In order to do so, users need supply the boolean --protein / -aa
flag to their autoDCR annotate
or autoDCR cli
commands. E.g. the following examples, using some sequences taken from PDB TCR-pMHC structures:
# Inspect the file of TCR polypeptide chains
cat prot-tcrs.fasta
>3MV7_4|Chain D|alpha chain of the TK3 TCR|Homo sapiens (9606)
QVTQSPEALRLQEGESSSLNCSYTVSGLRGLFWYRQDPGKGPEFLFTLYSAGEEKEKERLKATLTKKESFLHITAPKPEDSATYLCAVQDLGTSGSRLTFGEGTQLTVNPNIQNPDPAVYQLRDSKSSDKSVCLFTDFDSQTNVSQSKDSDVYITDKCVLDMRSMDFKSNSAVAWSNKSDFACANAFNNSIIPEDTFFPS
>3MV7_5|Chain E|beta chain of the TK3 TCR|Homo sapiens (9606)
DSGVTQTPKHLITATGQRVTLRCSPRSGDLSVYWYQQSLDQGLQFLIQYYNGEERAKGNILERFSAQQFPDLHSELNLSSLELGDSALYFCASSARSGELFFGEGSRLTVLEDLKNVFPPEVAVFEPSEAEISHTQKATLVCLATGFYPDHVELSWWVNGKEVHSGVCTDPQPLKEQPALNDSRYALSSRLRVSATFWQNPRNHFRCQVQFYGLSENDEWTQDRAKPVTQIVSAEAWGRAD
>2AK4_4|Chains D, I, N, S[auth T]|SB27 T cell receptor alpha chain|Homo sapiens (9606)
HMAQKVTQAQTEISVVEKEDVTLDCVYETRDTTYYLFWYKQPPSGELVFLIRRNSFDEQNEISGRYSWNFQKSTSSFNFTITASQVVDSAVYFCALSGFYNTDKLIFGTGTRLQVFPNIQNPDPAVYQLRDSKSSDKSVCLFTDFDSQTNVSQSKDSDVYITDKCVLDMRSMDFKSNSAVAWSNKSDFACANAFNNSIIPEDTFFPSPESS
>2AK4_5|Chains E, J, O[auth P], T[auth U]|SB27 T cell receptor beta chain|Homo sapiens (9606)
HMNAGVTQTPKFQVLKTGQSMTLQCAQDMNHNSMYWYRQDPGMGLRLIYYSASEGTTDKGEVPNGYNVSRLNKREFSLRLESAAPSQTSVYFCASPGLAGEYEQYFGPGTRLTVTEDLKNVFPPEVAVFEPSEAEISHTQKATLVCLATGFYPDHVELSWWVNGKEVHSGVCTDPQPLKEQPALNDSRYALSSRLRVSATFWQNPRNHFRCQVQFYGLSENDEWTQDRAKPVTQIVSAEAWGRAD
# Then analyse this with annotate
autoDCR annotate -in prot-tcrs.fasta -aa
Looking for TCRs in results/prot-tcrs.fa
Took 0.0 seconds
Found 4 rearranged TCRs in 4 reads (~100%)
# Or with cli
trb="HMNAGVTQTPKFQVLKTGQSMTLQCAQDMNHNSMYWYRQDPGMGLRLIYYSASEGTTDKGEVPNGYNVSRLNKREFSLRLESAAPSQTSVYFCASPGLAGEYEQYFGPGTRLTVTEDLKNVFPPEVAVFEPSEAEISHTQKATLVCLATGFYPDHVELSWWVNGKEVHSGVCTDPQPLKEQPALNDSRYALSSRLRVSATFWQNPRNHFRCQVQFYGLSENDEWTQDRAKPVTQIVSAEAWGRAD"

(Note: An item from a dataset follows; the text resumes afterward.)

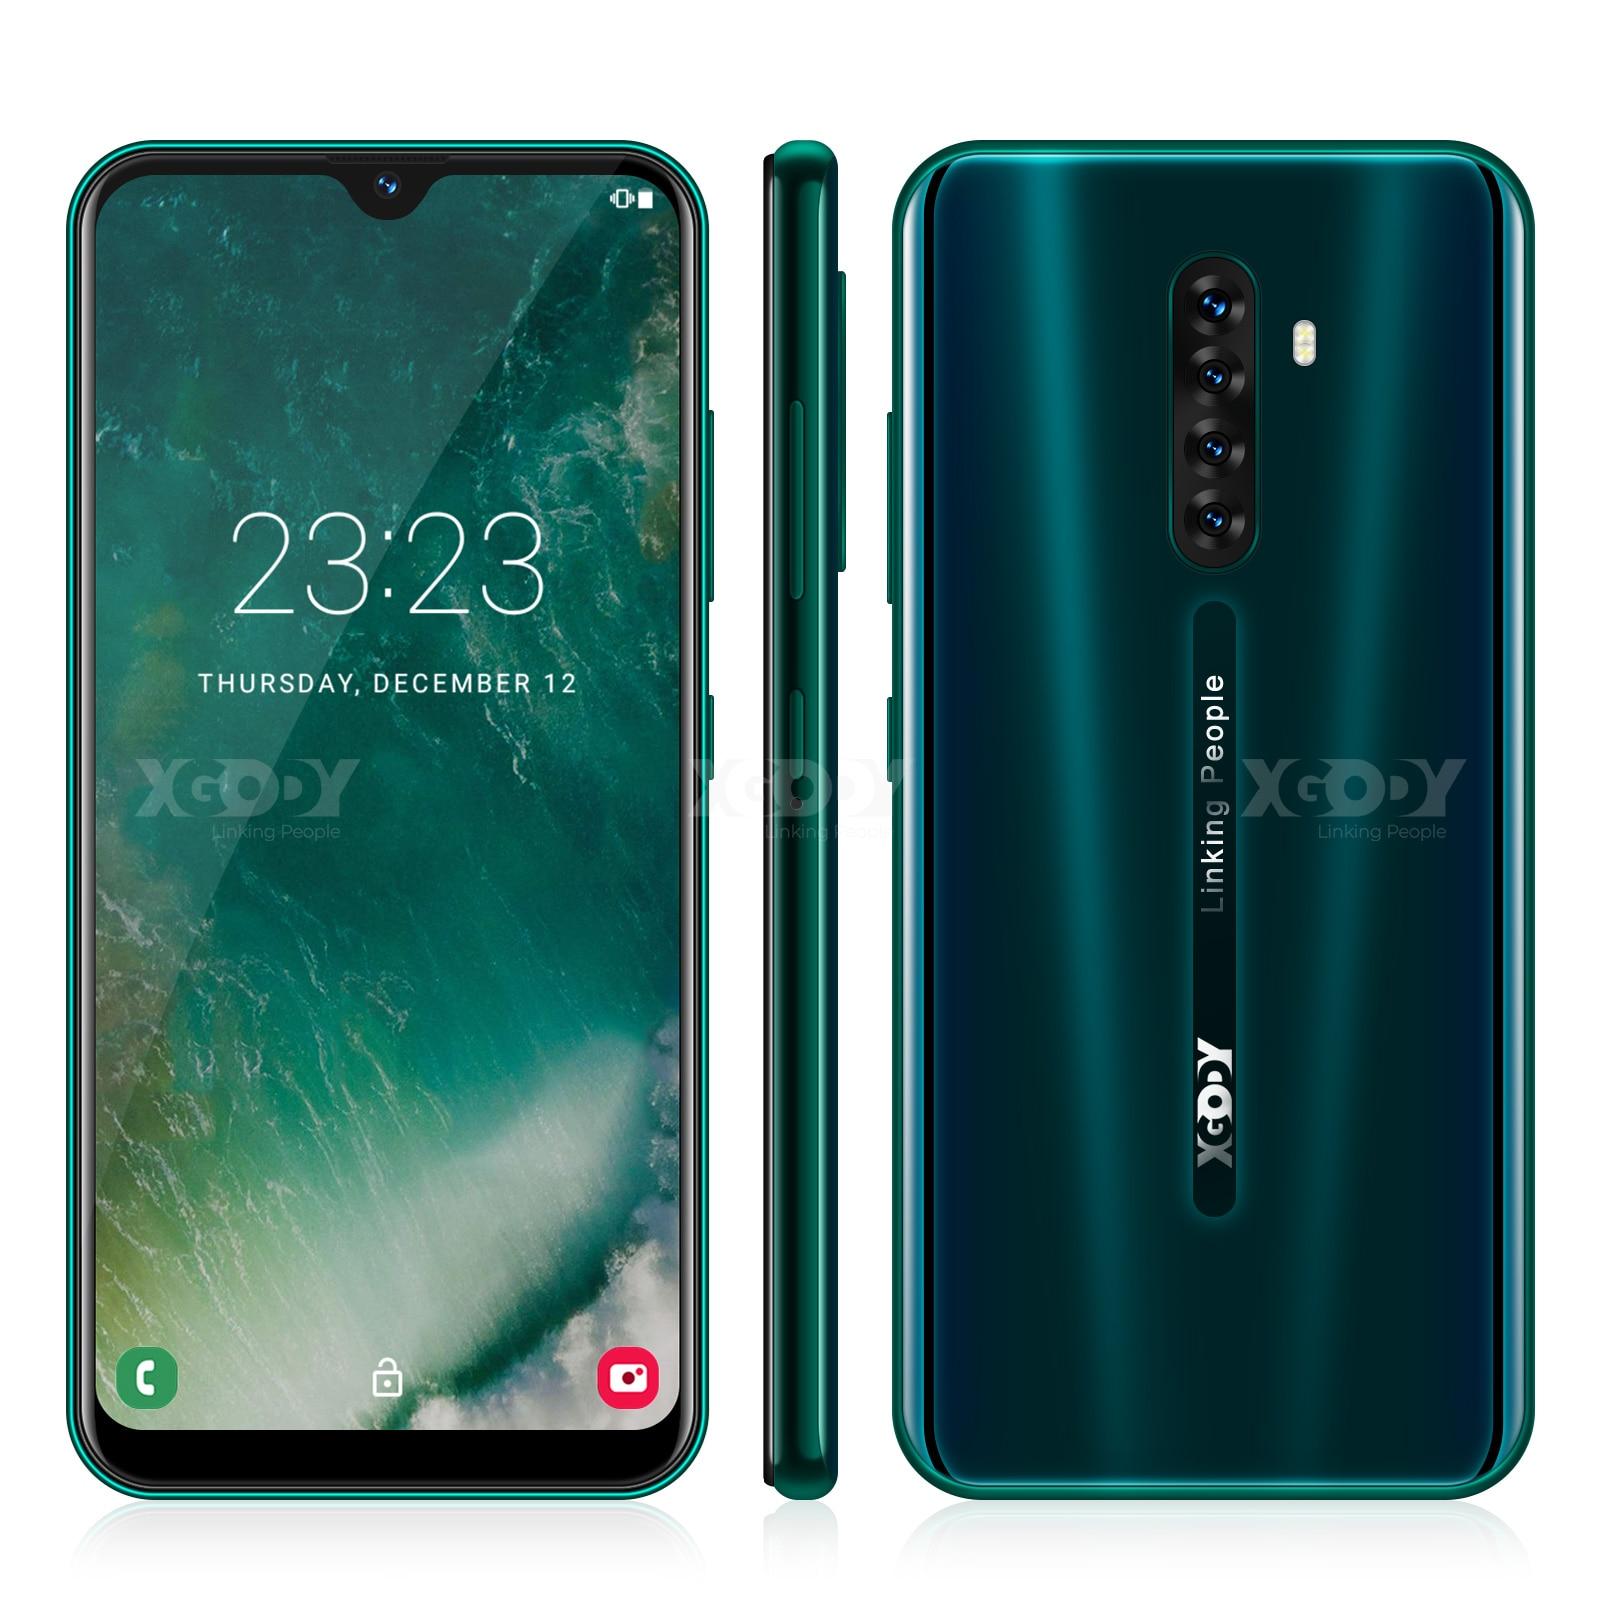 XGODY note 8 4G Smartphone 6.3 Android 9.0 19:9 Cellphone 2GB RAM 16GB ROM 2850mAh Quad Core Dual SIM GPS Wi-Fi Mobile Phone

autoDCR cli $trb --protein
TCR regions detected!
productive yes
v_call TRBV6-1*01
j_call TRBJ2-7*01
junction_aa CASPGLAGEYEQYF
Things to note
Currently the protein version of
autoDCR
only works in standard ‘vjcdr3’ mode, not ‘full’ (i.e. it cannot be used to detect leader or constant regions).